Уильям Фолкнер - Дикие пальмы - читать книгу онлайн бесплатно, автор Уильям Фолкнер

– И потом мне нечего надеть.

– Да тебе ничего и не нужно. Хозяин, скорей всего, будет одет в халат для ванной. У тебя ведь есть черный костюм?

– Нет…

– Вот что, – сказал Флинт. – У Монтиньи есть смокинг. А у него почти твой размер. Сейчас я его достану. – Он подошел к шкафчику, которым они пользовались все вместе.

– Но я не… – начал было Уилбурн.

– Все в порядке, – сказал Флинт. Он положил второй смокинг на койку, расстегнул подтяжки и стал стягивать с себя брюки. – Я надену смокинг Монтиньи, а ты можешь надеть мой. Мы все трое сделаны под один стандарт.

Час спустя в чужом костюме, каких у него в жизни не было, он с Флинтом остановился на одной из узеньких серых с нависающими балконами улочек с односторонним движением между Джексон-сквер и Роял-стрит в районе Вье Kapp – кирпичная, мягкого цвета стена, над которой буйно взметнулась крона кабачковой пальмы и из-за которой доносился тяжелый запах жасмина, казавшийся зримым в душном, застоявшемся воздухе, уже пропитанном запахами сахара, бананов и пеньки, плывшими из доков, как неторопливые облачка тумана или даже краски.
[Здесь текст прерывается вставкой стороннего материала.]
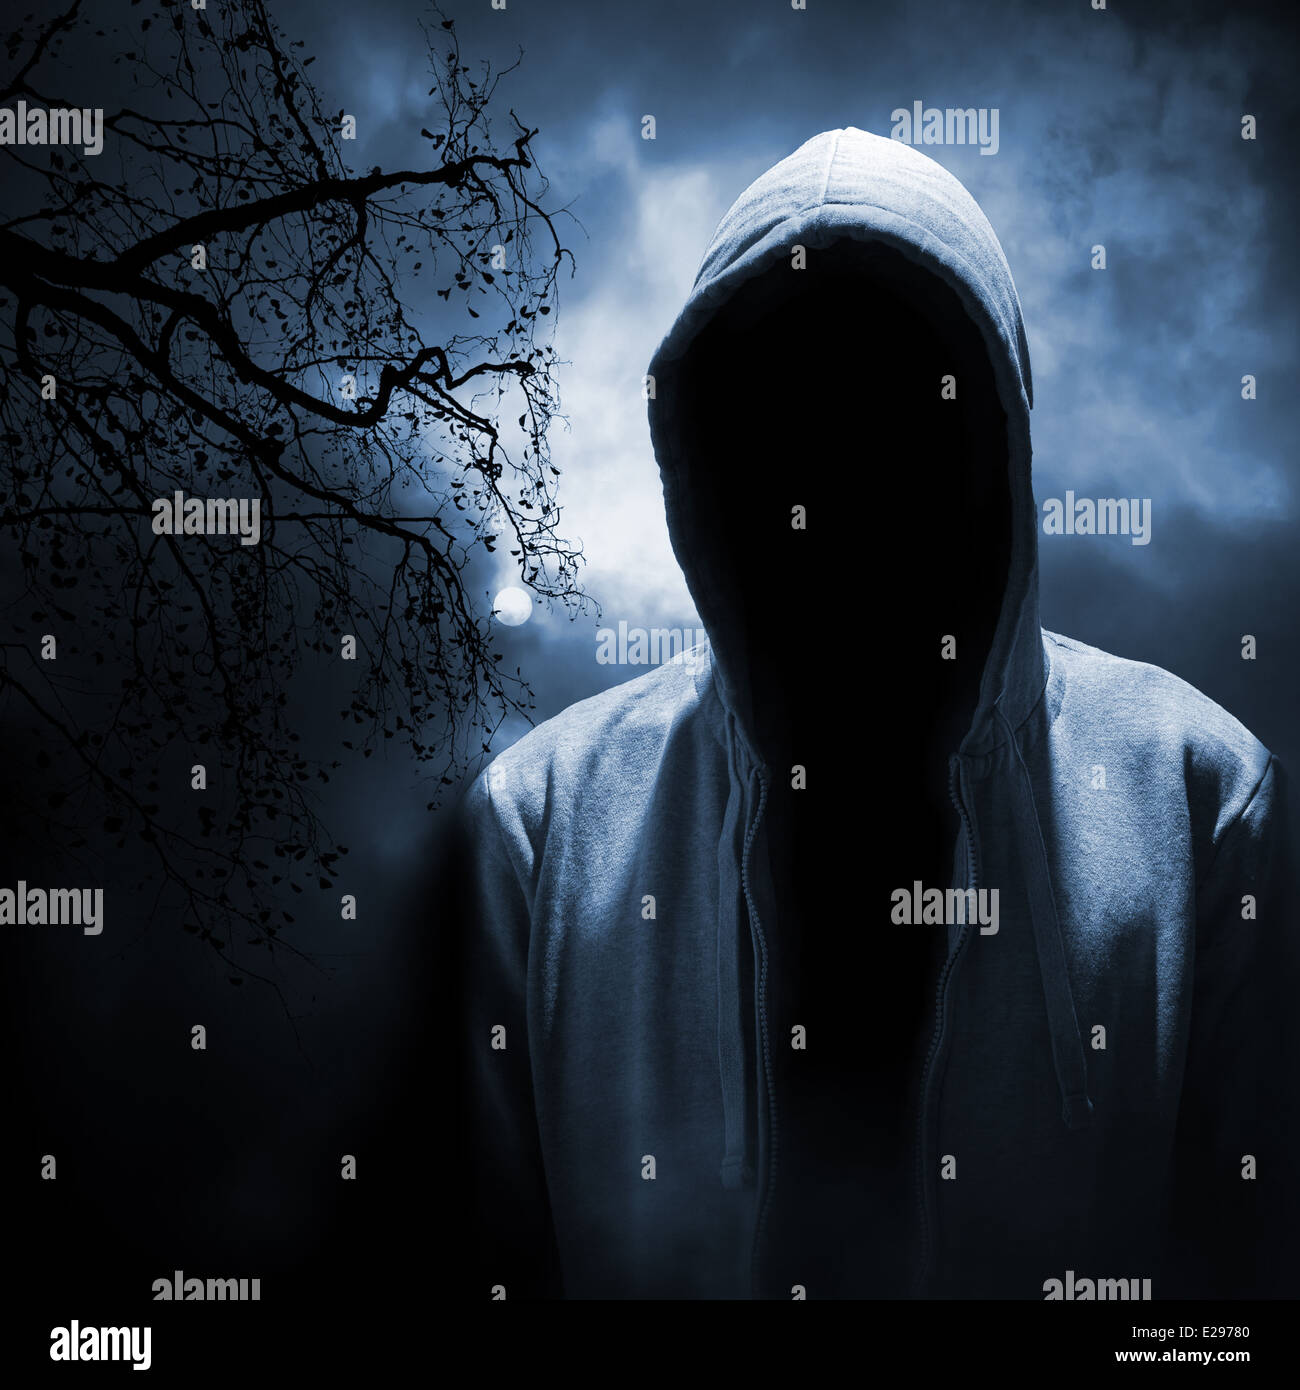 Dangerous man hiding under the hood in the dark night forest Stock Photo
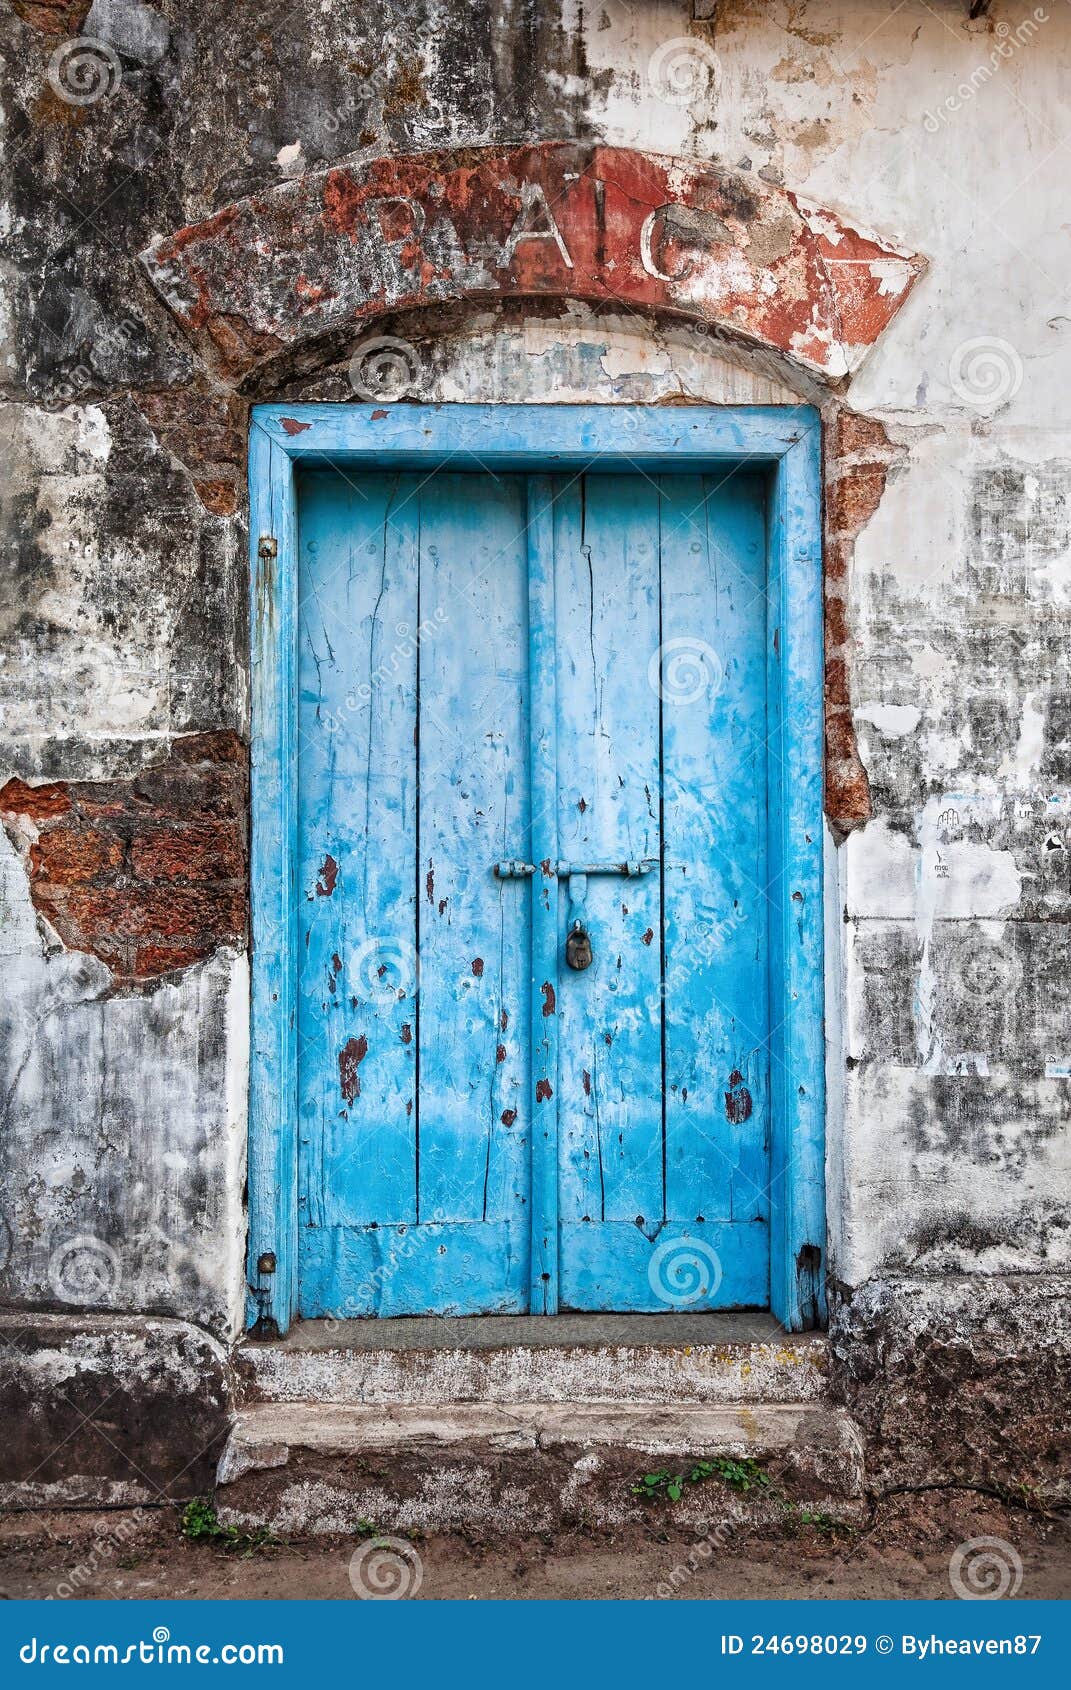 Vintage Blue Door Royalty Free Stock Images - Image: 24698029

Деревянная калитка слегка перекосилась, сбоку от нее висел шнурок звонка, который под рукой Флинта произвел отдаленный мягкий звон. Доносились звуки пианино, играли что-то из Гершвина. – Ну вот, – сказал Флинт. – Тебе нечего беспокоиться из-за этой вечеринки. Домашний джин ты уже, наверно, чуешь. Может быть, Гершвин его картины за него рисовал. Только я готов поспорить, что Гершвин мог бы рисовать то, что Кроу называет своими картинами, куда лучше, чем Кроу играет то, что Гершвин называет своей музыкой.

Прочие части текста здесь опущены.